When I SSH into my server I am given the standard "login as:" prompt, followed by the "user@host's password:" prompt. For whatever reason, the second one always takes a while to display. My server isn't under any load and typically executes commands quite fast.
Now, we're talking only 10 seconds or so between the time I hit Enter for the username and when the second prompt displays, but when you do this a lot it gets annoying. I suspect Ubuntu is looking up my user account, but it has < 5 accounts on the entire installation.
Update @Josh /var/log/messages does contain this gem:
Oct 28 16:54:59 Athena sudo: pam_sm_authenticate: Called
Oct 28 16:54:59 Athena sudo: pam_sm_authenticate: username = [msmith]

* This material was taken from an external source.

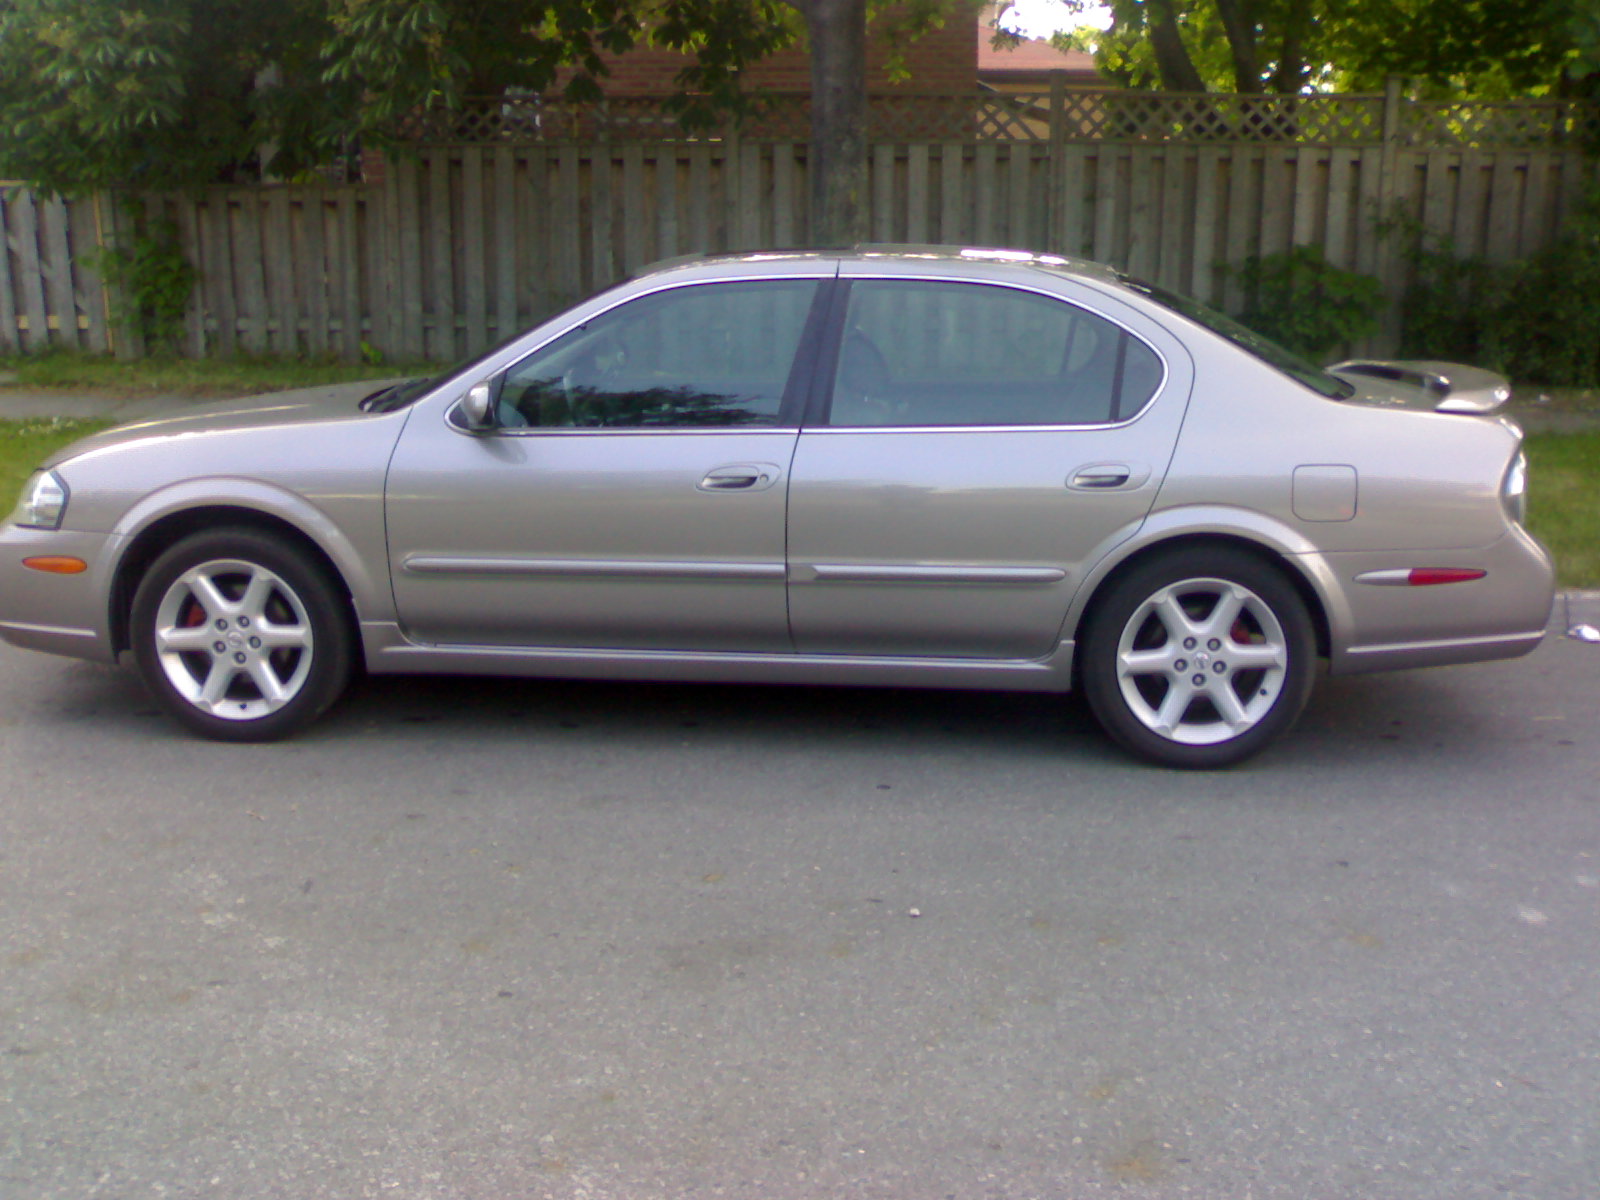 2002 Nissan maxima exterior colors #1

Oct 28 16:54:59 Athena sudo: Warning: Using default salt value (undefined in ~/.ecryptfsrc)
Oct 28 16:55:01 Athena sudo: Passphrase key already in keyring; rc = [1]
Oct 28 16:55:02 Athena sudo: Passphrase key already in keyring; rc = [1]
Oct 28 16:55:02 Athena sudo: There is already a key in the user session keyring for the given passphrase.
Where msmith is my username. What does this all mean?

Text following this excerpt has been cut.